I appreciate the honest response. To elaborate a bit, I think you may be mixing up the point of the article with the fact it starts with a low baseline of expected familiarity / knowledge to be able to bring more readers along.
My read is that the purpose of the article is to explain how to perform more accurate blocking and be explicit about you model assumptions by using DAGs. Followed by why the common tool everyone reaches for of linear regression is the wrong tool in this case, and TMLE is better.
That's the meat of what the article builds to, and is 9 out of the 30 paragraphs. Roughly 1/3rd (not 1/2 as guessed).
> Why couldn't they spend the article describing this, as it seems that this what their value add as a service is.
Agreed, but I think this is a different type of article. It's (in my opinion) and article saying "hey, there is a problem or shortcoming in what you're doing today. Gives justification as to why many people do have this problem, and then says "These are the tools to help you fix it."
A person unaware knows what to look into to solve their problem. Presumably a treatment on the solutions doesn't fit in a blog post - and it doesn't have to. There is value in identifying a person's problem and telling them how to learn about the solution. Even without fully detailing the solution.
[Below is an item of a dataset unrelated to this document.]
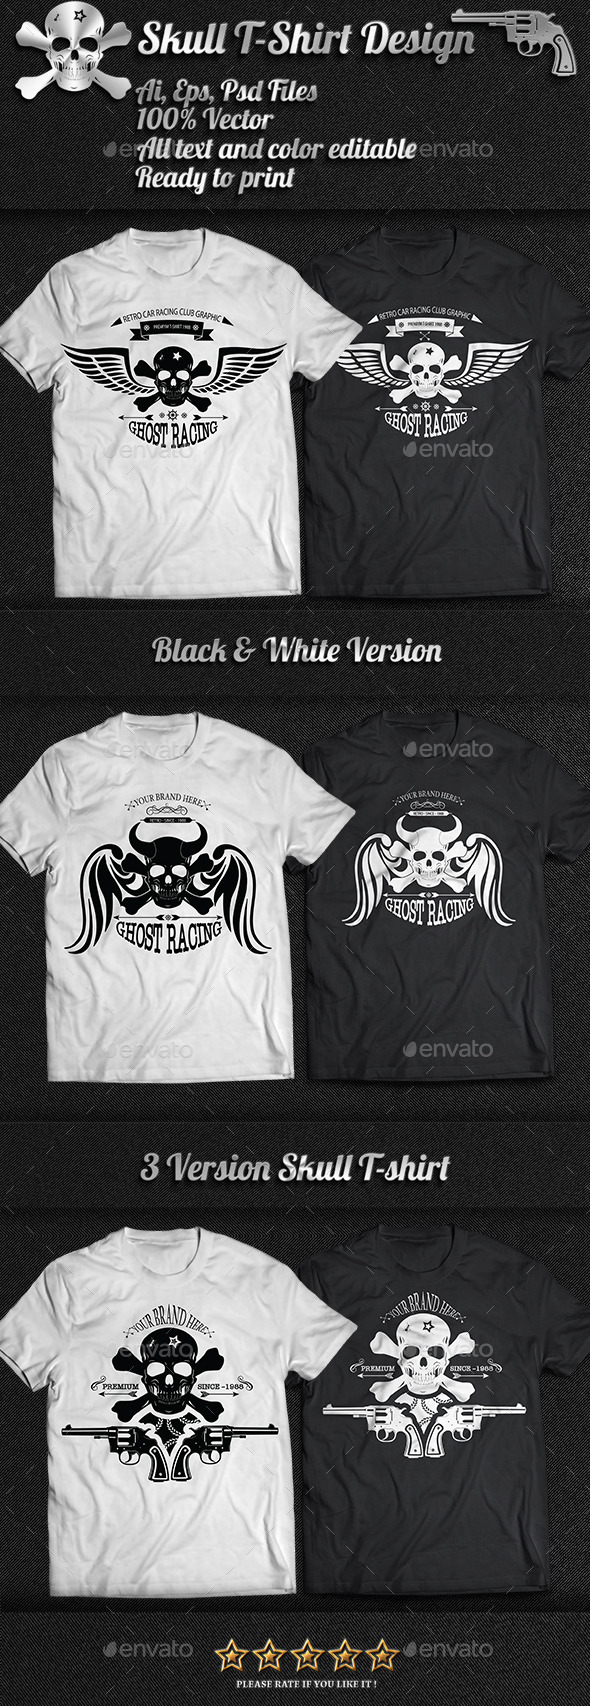 3 Skull T-Shirt Design - Designs T-Shirts

And I think this is your main criticism with the post, is that it wasn't a post to just present the solution in full detail.
That said, I don't want this to seem like im beating you up - but rather show that there are many different ways to get value and information on a topic without a detailed treatment of a solution.
And cycling back to your original point, I agree, I think the reason they don't go into full detail on the solution is because at that point the amount there'd need to cover to do a full treatment on the solution ends up having the cost outweigh the value in a blog post that is motivated to bringing people to their company/service.
Upvoted you, because why not throw around internet points!
It's easy to forget that things that are basic to some are extremely advanced to others. As HN grows, it draws in more diverse backgrounds; many of which don't have much statistics exposure.
I know data scientists who work at FAANGs, for whom this would be almost entirely new information (the causality stuff).
Thank you for taking the time to add more essential points. Do you think it's possible to make better decisions with partial causation, versus a more correlational approach? That is, do we really need true causation to improve our decision making? Or can we make better, albeit imperfect, decisions with imperfect causality? Is that better than what most statisticians do with correlation?
Perhaps you had an exceptional intro to regression class. But the ones I’m familiar haven’t gone into the Rubin causal model, DAGs, or combining linear treatment effect models with non-parametric components.